Duka nahm in seiner Predigt auch zur geplanten Pensionsreform Stellung. Eine in Gesetze und Vorschriften gegossene Rentenreform allein werde nicht für ein glückliches Lebens im Alter sorgen können, wenn diese nicht mit einer "inneren und geistigen Erneuerung des Familienlebens" verbunden sei, betonte der Erzbischof.

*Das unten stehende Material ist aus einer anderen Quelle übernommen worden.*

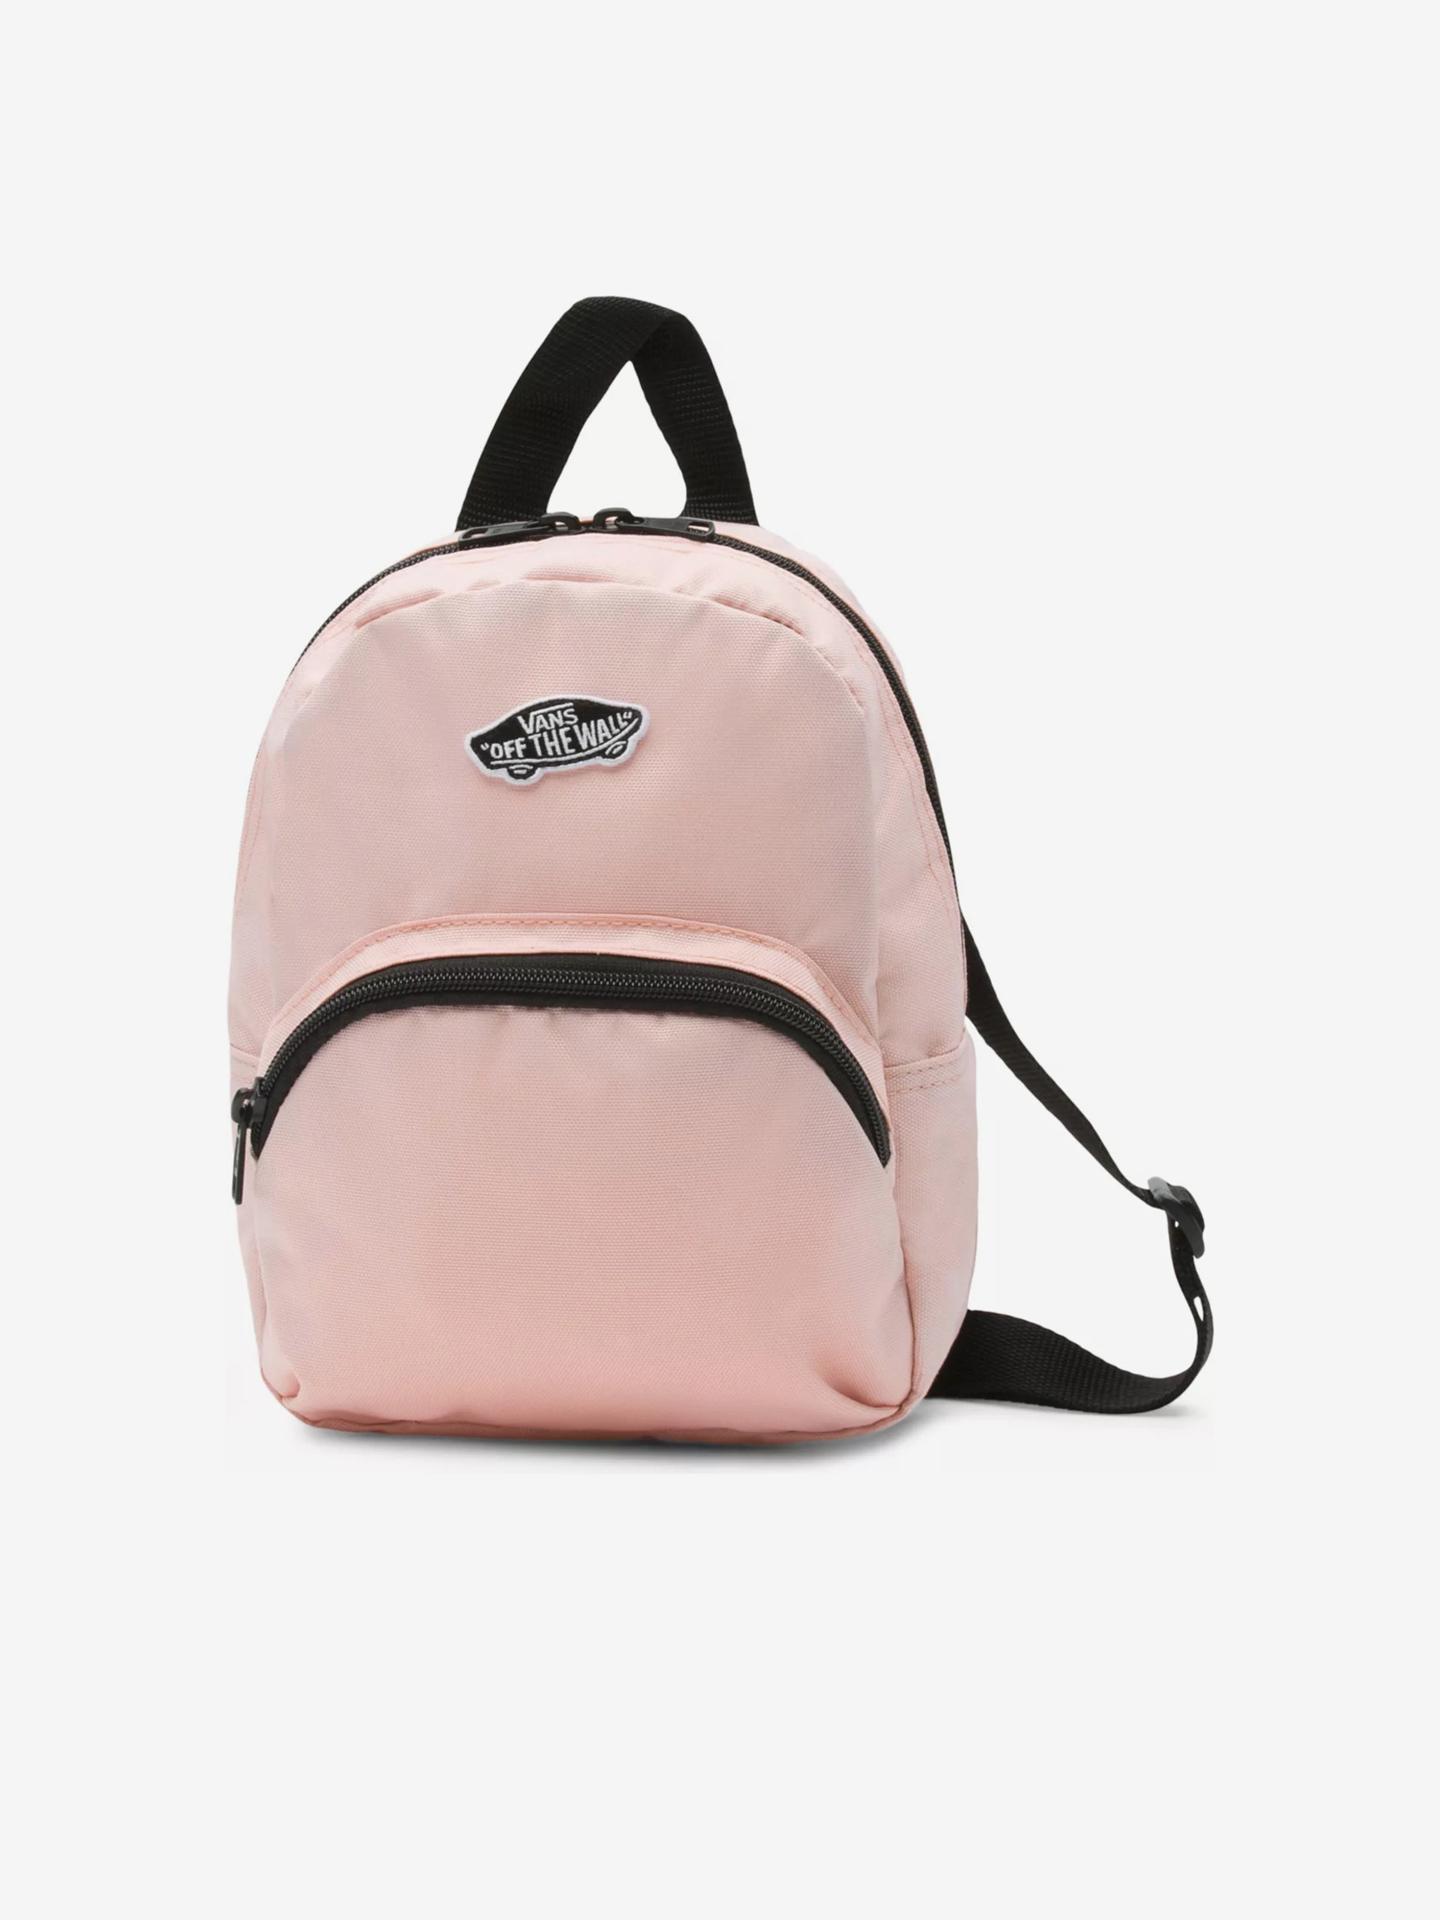 Vans roz mic rucsac Got This Mini

Der "Tag der tschechischen Staatlichkeit", wie der Festtag des heiligen Wenzels seit seiner Erklärung zum Staatsfeiertag offiziell heißt, war diesmal vor allem durch eine musikalische Sensation gekennzeichnet. Im Prager Rudolfinum begleiteten die Prager Symphoniker den im Jahre 1930 uraufgeführten monumentalen Stummfilm über den heiligen Wenzel mit der erst kürzlich wieder aufgefundenen Begleitmusik von Jaroslav Kricka und Oskar Nedbal.

Nedbal ist auch außerhalb Tschechiens durch seine Operette "Polenblut" bekannt geworden, sah sich in seiner Heimat jedoch wegen seiner ihm unterstellten Austrophilie - unter anderem war er Gründer und von 1907 bis 1919 Chefdirigent des heutigen "Tonkünstlerorchesters Niederösterreich" - auch heftigen Anfeindungen ausgesetzt. An dem Streifen, der zu den aufwendigsten der europäischen Stummfilmgeschichte gehört, wirkte auch die spätere Burgschauspielerin Dagny Servaes mit.